Section: 903
9/12/12
Spectroscopy- Infrared Spectroscopy and Nuclear Magnetic Resonance spectroscopy.
1. Identifying Cyclohexanone, Acetone, and Acetophenone
All three compounds will have peaks around 1710 cm^-1 in their IR
spectra’s. However the Cyclohexanone and Acetophenone are more
substituted so they will have peaks lower than that with Acetophenone having
the lowest. Acetophenone also has an aromatic ring and thus will show peaks
the reflect that at 1600 cm^-1. The NMR spectra’s for each will be quite
different in that the Acetone will only have one peak for its two sets of
equivalent hydrogen Ions. However the Acetophenone will have a high peak
around 9 ppm from its aromatic ring. These differences should clearly
distinguish the compounds in a IR and NMR spectroscopy.
2. The IR spectra we did in the lab shows some clear functional groups present.
The broad peak at 3300 shows clearly that this molecule has an OH alcohol
group attached to it. Furthermore the peaks around 2950 suggest there are
C-H3 and C-H2 stretching. This leads me to believe this was an alkyl
alcohol, possibly ethanol.
Section: 903
9/12/12
3. Identifying compounds
a. C4H8O2
i. Molecule: Ethyl Acetate
ii. Reason: It is suggested to be an alkane because the peak below 3000 cm-1 and
the peak around 1710 reflects a carbonyl group. Furthermore the NMR shows a
large singlet as the second most shielded and a quadruplet and triplet which
suggests an ethyl group.
b. C4H9Br
i. Molecule: 2-Bromobutane
ii. Reason: The peaks just below 3000 cm-1 suggests an alkane is present. In the
NMR a weak sextet is present suggesting a single proton is adjacent to a primary
carbon on one side and a secondary on the other.
c.
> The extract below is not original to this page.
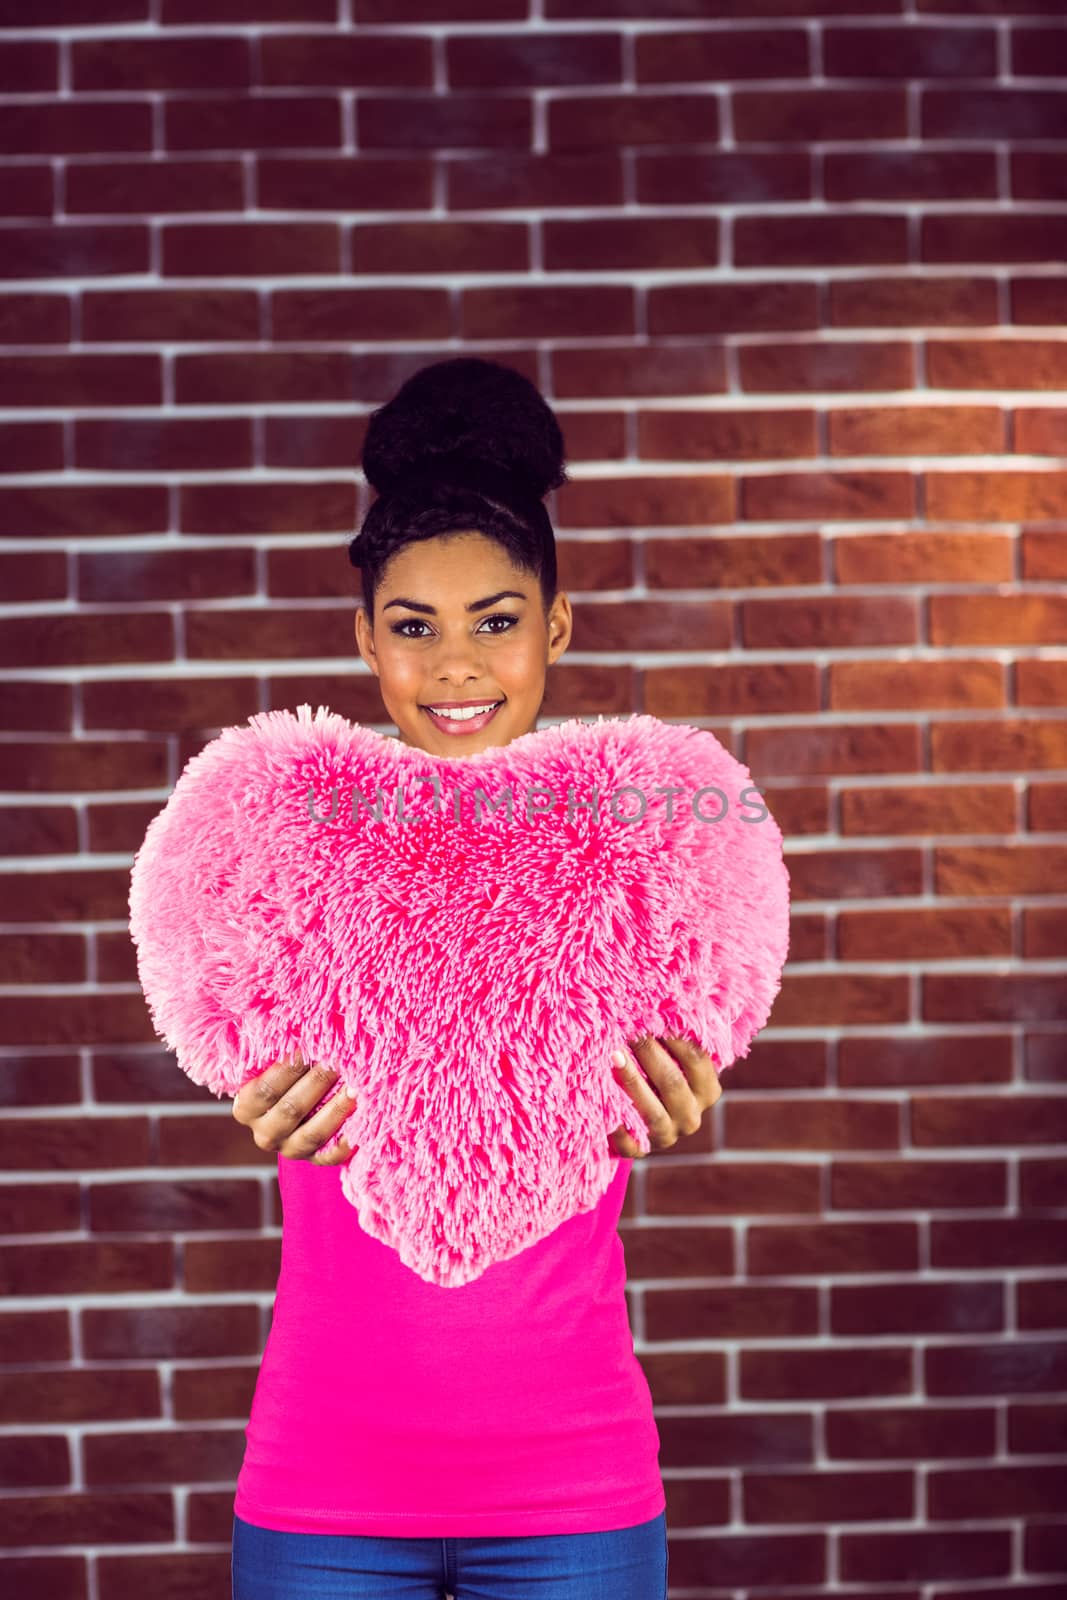 Portrait black hair model holding a pink heart shaped pillow on a red brick wall

C8H9Br
i. Molecule: 1-Bromo-4-ethylbenzene
ii. Reason: In the IR there is a jagged peak around 3000 cm-1 that suggests an
aromatic ring. The NMR has peaks between 6 and 9 ppm which further suggests
an aromatic ring.
d. C4H8O2
i. Molecule: Butyric Acid
ii. Reason: The IR shows a broad jagged peak around 3000 cm-1 that suggests the
presence of an acid. Also the peak at 1710 cm-1 further reflects the presence of a
carbonyl group. The NMR shows a triplet, quadruplet, triplet sequence which
suggests a propyl group.
e. C5H10O
i. Molecule: 3-Pentanone
Section: 903
9/12/12
ii.
Reason: The peak at 1710 cm-1 suggests a carbonyl group is present. The NMR
shows only two peaks which suggests two sets of equal protons.
f. C5H10O
i. 2-Methylbutanal
ii. Reason: The peak at 1710 cm-1 showed a carbonyl present. The NMR however
showed 5 groups so there was no equal protons and the two groups around 1 ppm
suggested a tertiary carbon next to a secondary carbon. Also the NMR peak
around 10 ppm suggested a carbonyl present.